Collected data:
=-=-=-=-=

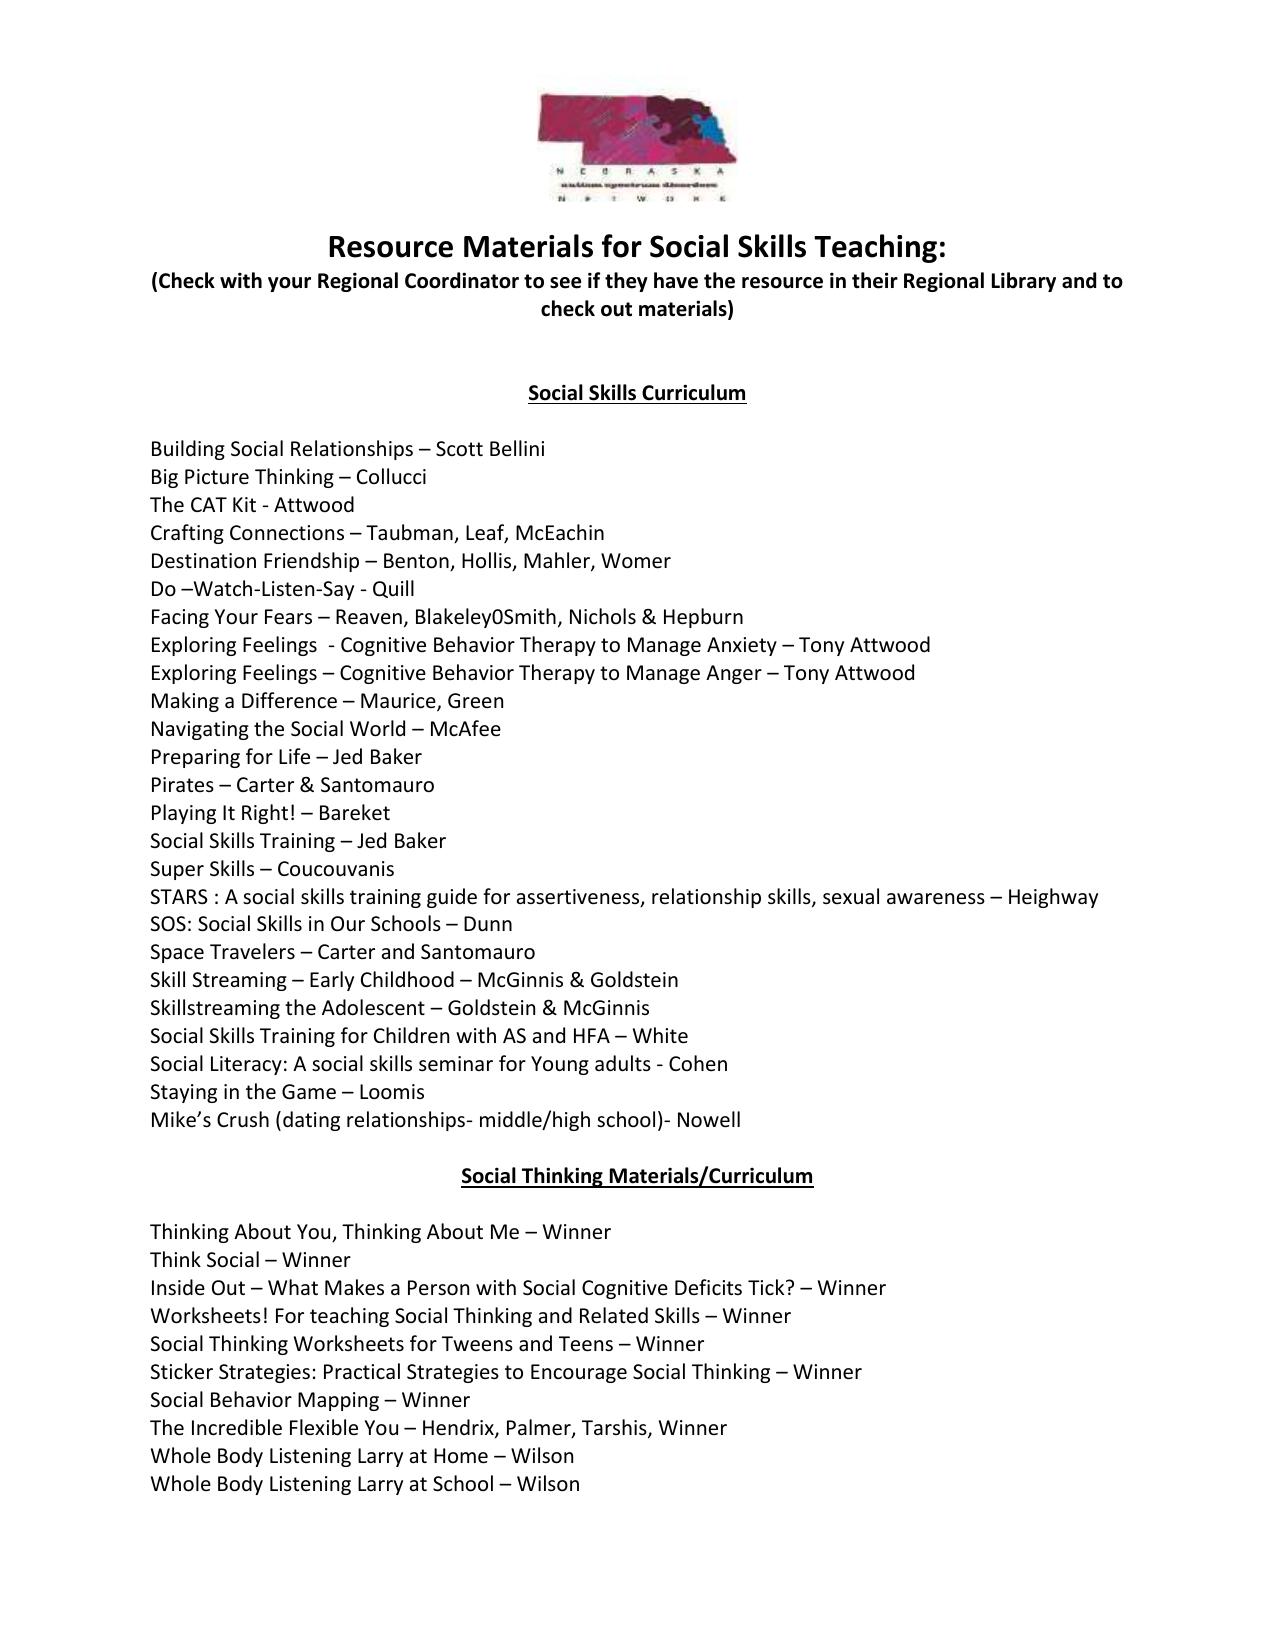 Social Skills Curriculum List
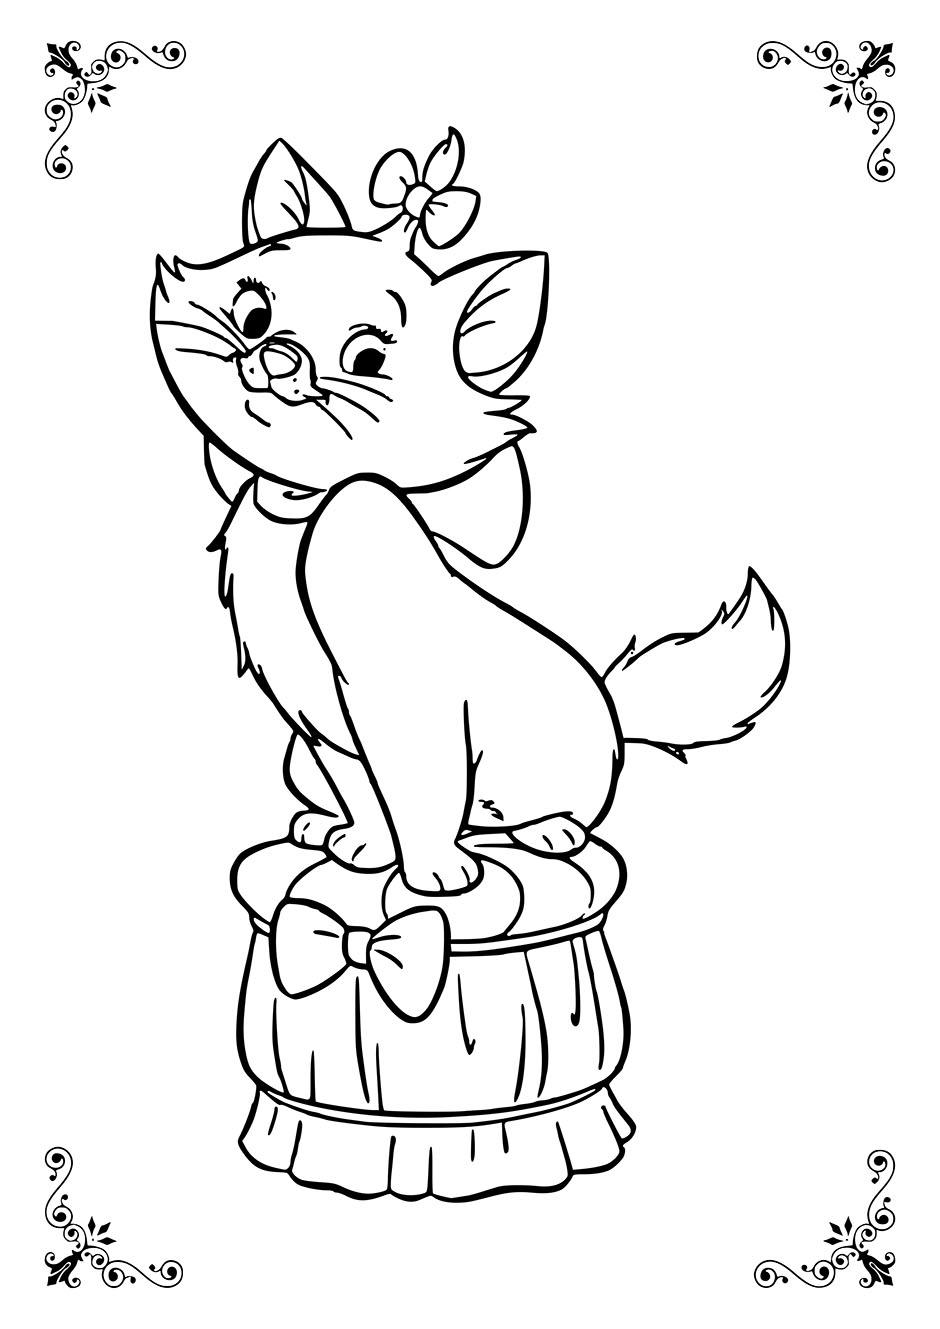 Раскраска: кошка с бантиком — raskraski-a4.ru
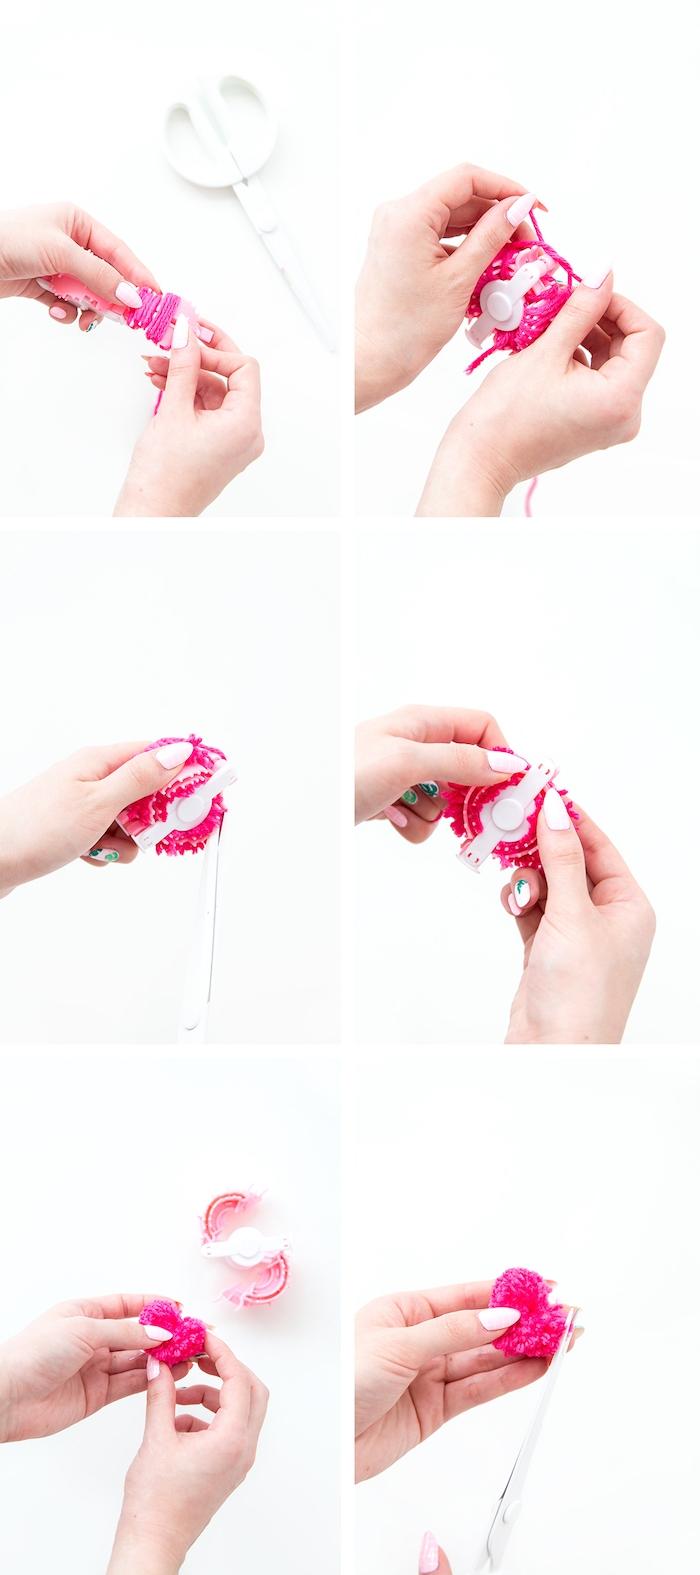 Bommel selber machen, Herz formen, selbstgemachte Ohrringe zu Weihnachten schenken
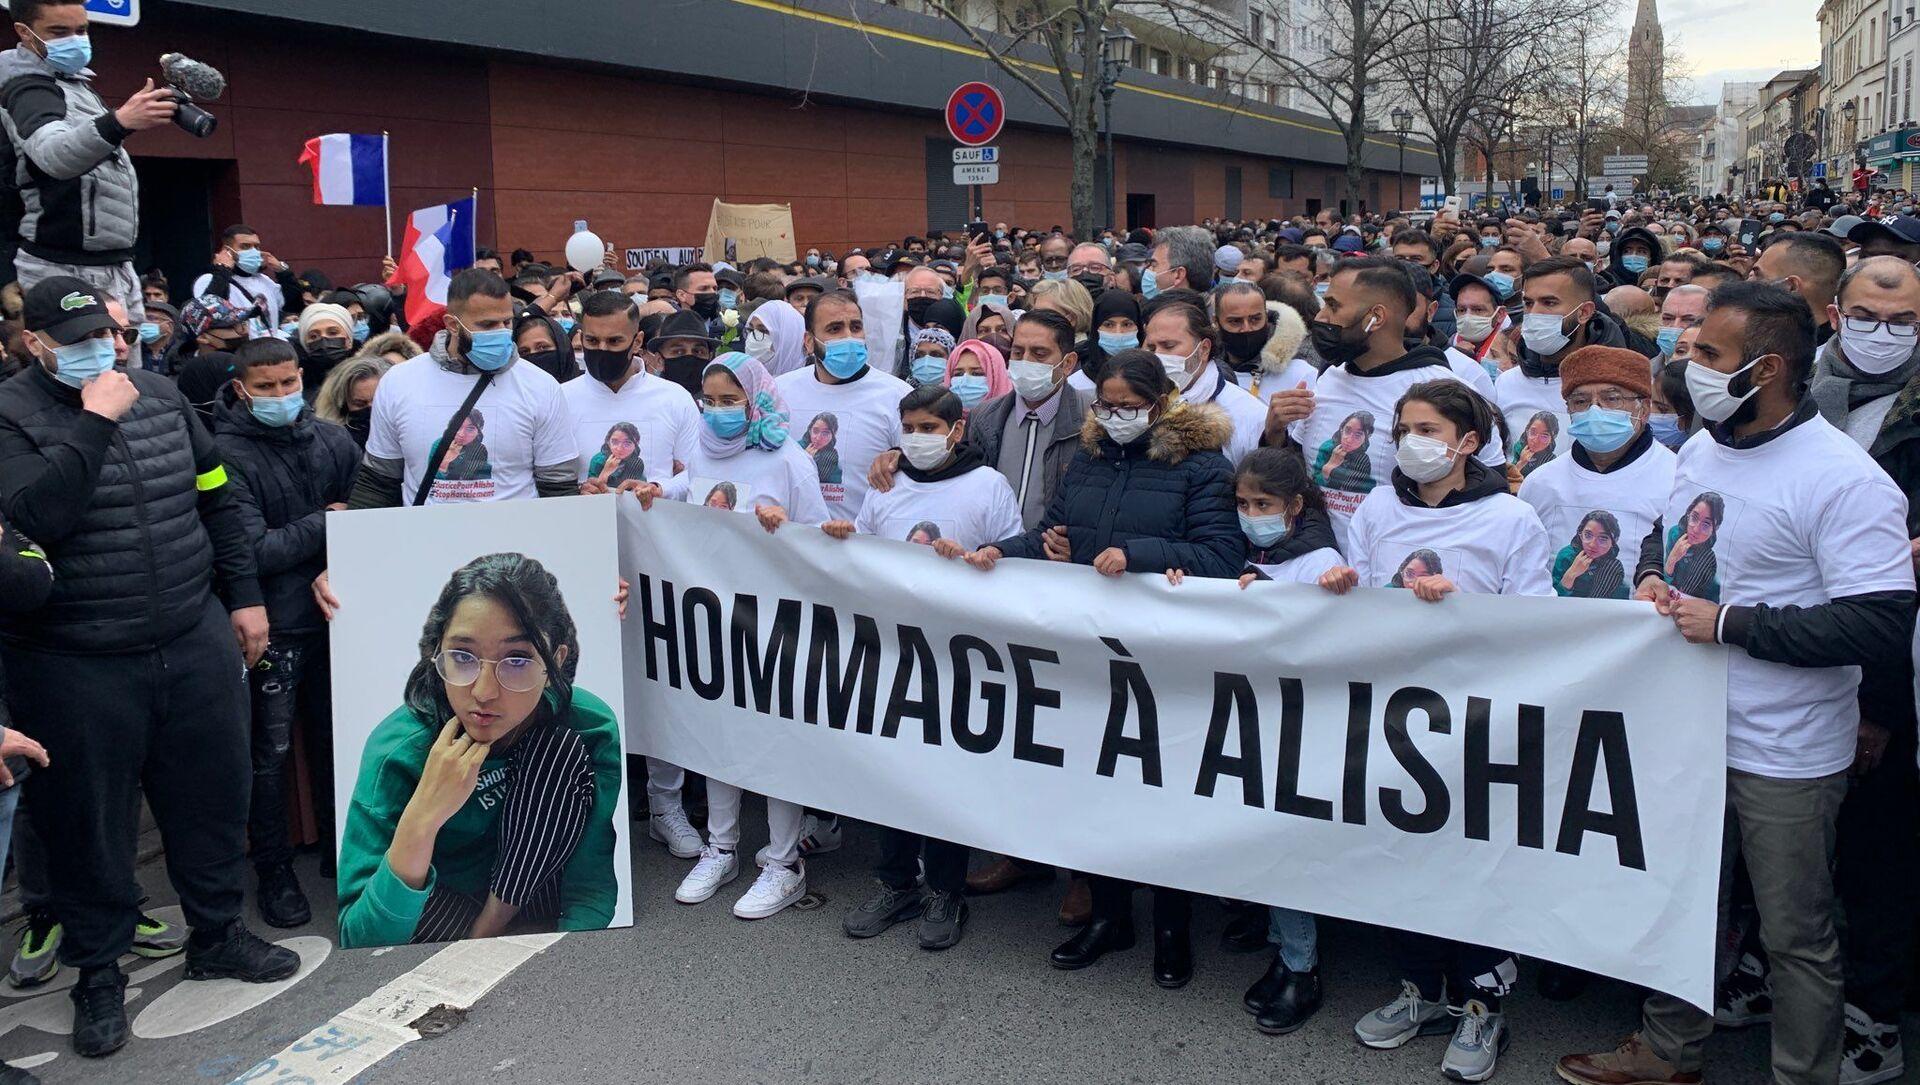 Une marche blanche a lieu ce dimanche à Argenteuil en mémoire d'Alisha - Sputnik France, 1920, 14.03.2021

=-=-=-=-=

Your goal: Type the material out again exactly. Skip the pictures.

Answer box:
 Social Skills Curriculum List
 Раскраска: кошка с бантиком — raskraski-a4.ru
 Bommel selber machen, Herz formen, selbstgemachte Ohrringe zu Weihnachten schenken
 Une marche blanche a lieu ce dimanche à Argenteuil en mémoire d'Alisha - Sputnik France, 1920, 14.03.2021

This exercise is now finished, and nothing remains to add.